“The TSA simply has nothing in its files that would suggest that it can validly use these techniques to screen passengers in an unstructured environment like an airport terminal.”
Some of the materials the TSA turned over rely on problematic assumptions. One TSA presentation from 2006, titled “Femme Fatale: Female Suicide Bombers,” says that “females tend to be more emotional and therefore easier to indoctrinate.”
What’s more, you’re not just being watched using pseudo-science in the security line — plain clothes TSA employees are also watching you in the terminal. They’ve had people deployed to check whether you look nervous or have body odor (seriously, that’s apparently one of the signs you may be a terrorist) since 2009.
The TSA’s checklist used in behavior detection training even suggests that if you object to the screening process, that’s a sign you’re a terrorist.
Meanwhile no matter how much security agencies may want to ‘be like Israel’ — the Tel Aviv airport model doesn’t scale. Las Vegas airport handles about 25 million passengers a year. Tel Aviv – the nation’s only major international airport — handles about 18 million. That’s one airport. There are over 350 ‘primary’ commercial airports in the U.S. [those that process over 10,000 enplanments annually].

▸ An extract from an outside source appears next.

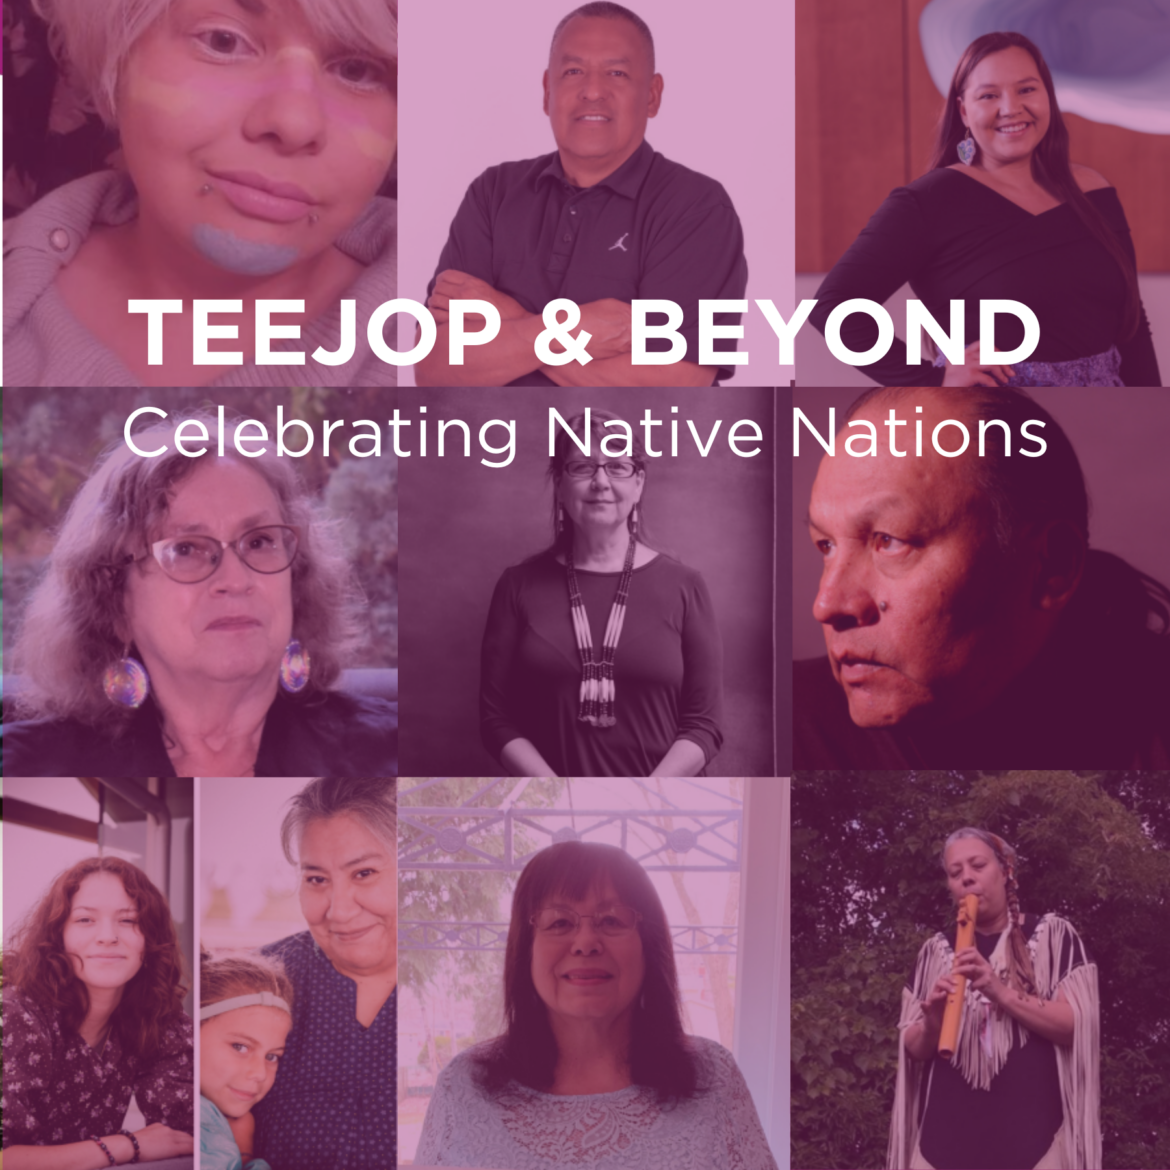 Madison indigenous community leaders shine in “Teejop & Beyond” presentation series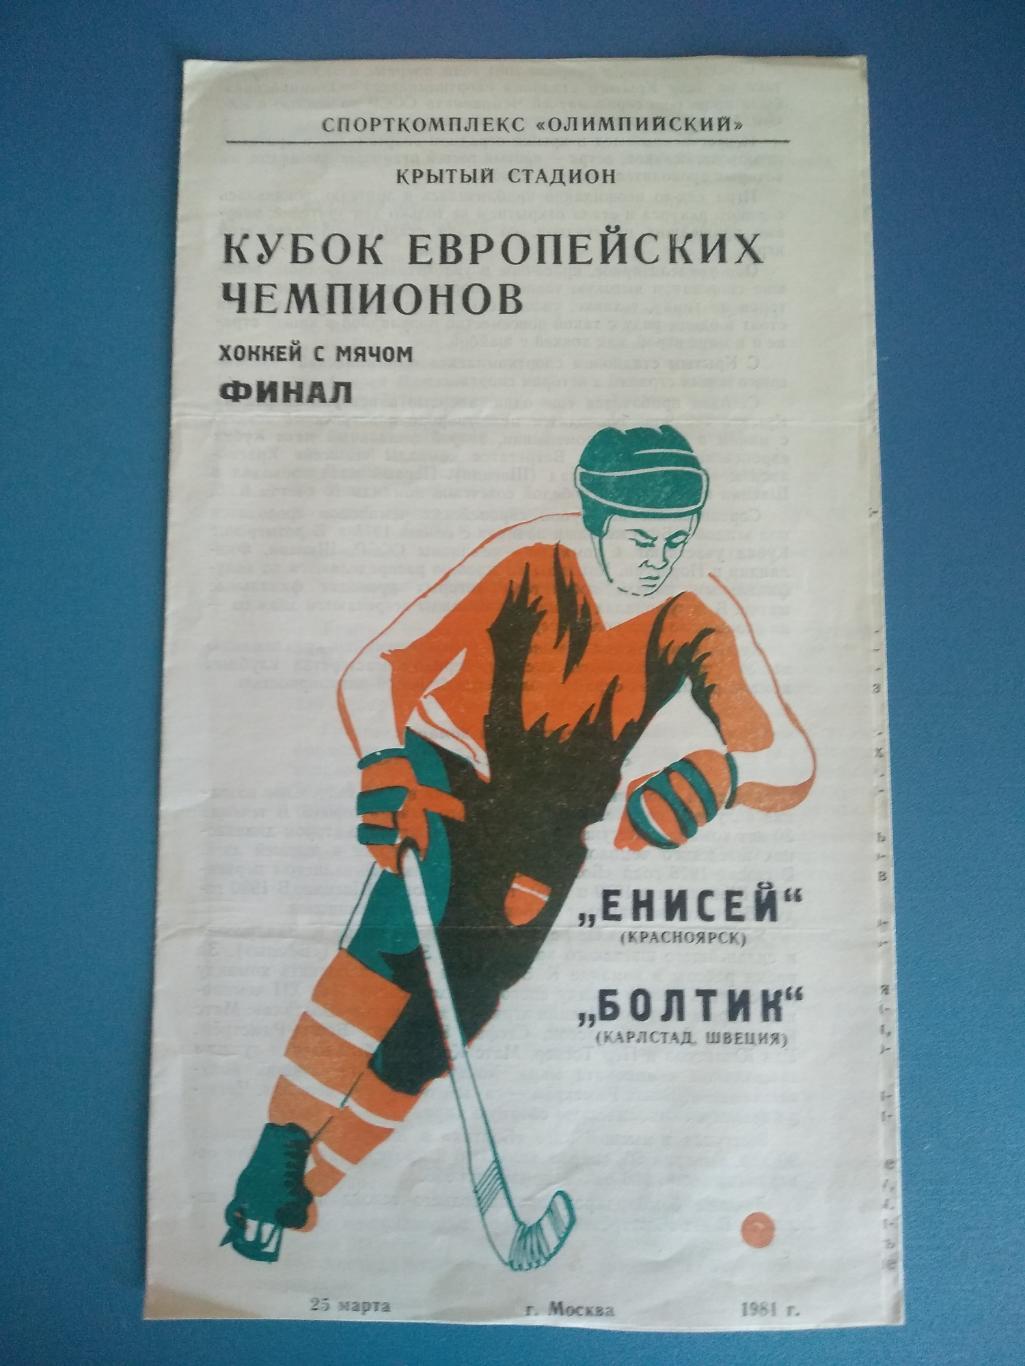 Хоккей с мячом. Финал КЕЧ 1981. Енисей Красноярск - Болтик Швеция 1981

There’s insufficient science and insufficient training. Presumably recognizing this, the TSA stopped having these Behavior Detection Officers pull people out of the regular screening line to go through PreCheck instead. However they still allowed people identified as safe by dogs to leave the regular screening line — dogs handled by officers who had to interpret what the dogs were saying.
None of this reduces security of course, PreCheck screening is what everyone should be going through.